What is being asked: Please copy only the material from the line that has "The Brewers did" to the very last line, both ends included, exactly as written and without pictures.
-------- Data section
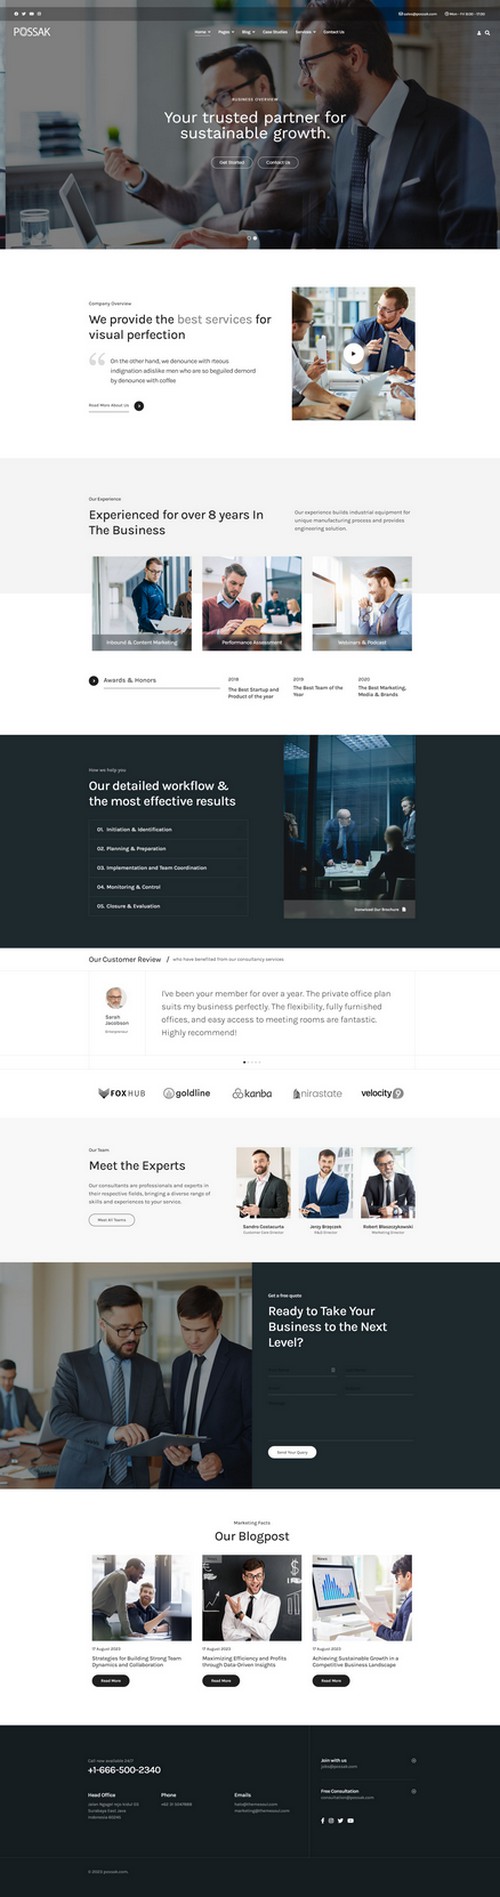 Possak - Business and Consulting Joomla Template
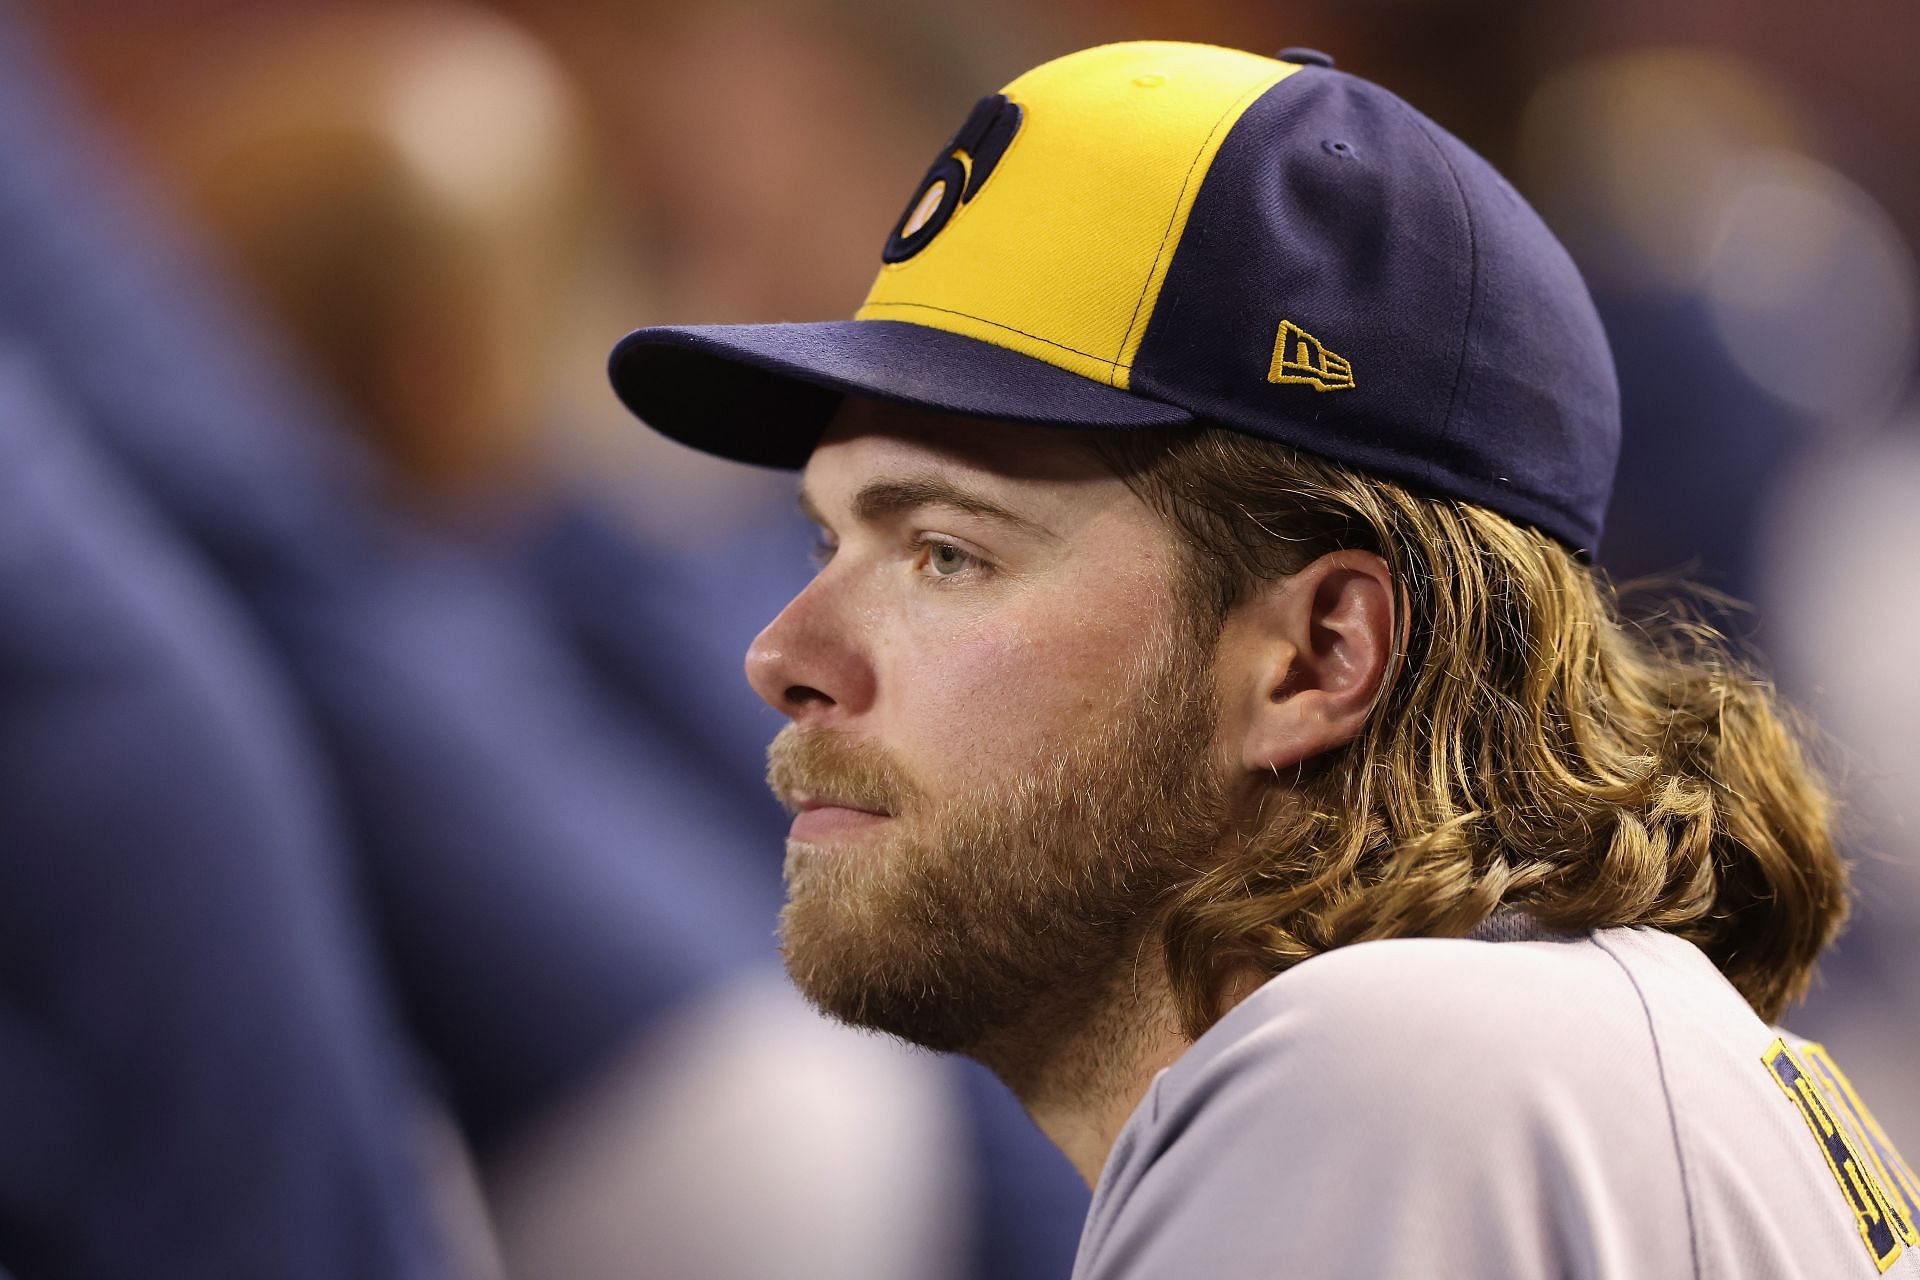 The Brewers did their Ace Corbin Burnes wrong in arbitration
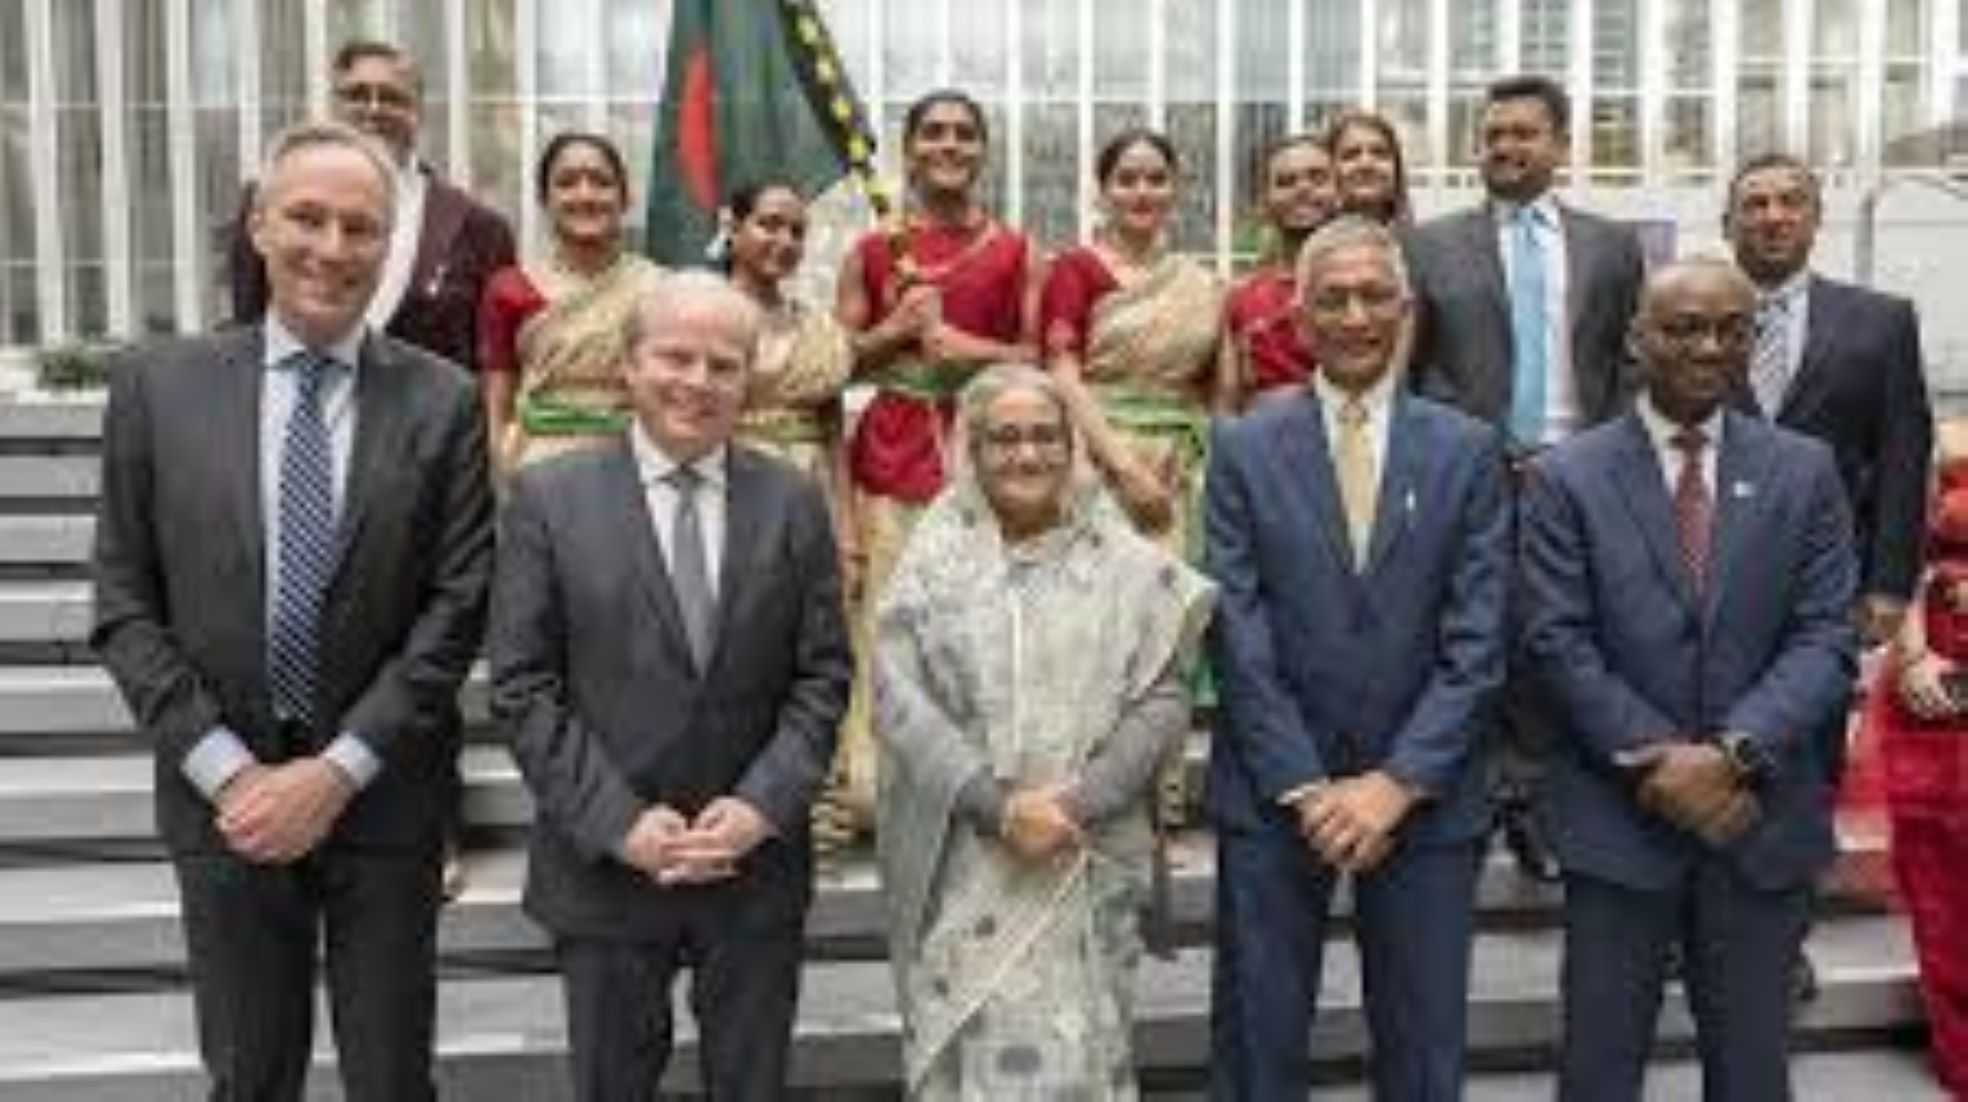 Bangladesh Signed Agreements With World Bank To Boost Climate-Resilient Agriculture, Road Safety Improvement
----------------
Answer for this exercise:
 The Brewers did their Ace Corbin Burnes wrong in arbitration
 Bangladesh Signed Agreements With World Bank To Boost Climate-Resilient Agriculture, Road Safety Improvement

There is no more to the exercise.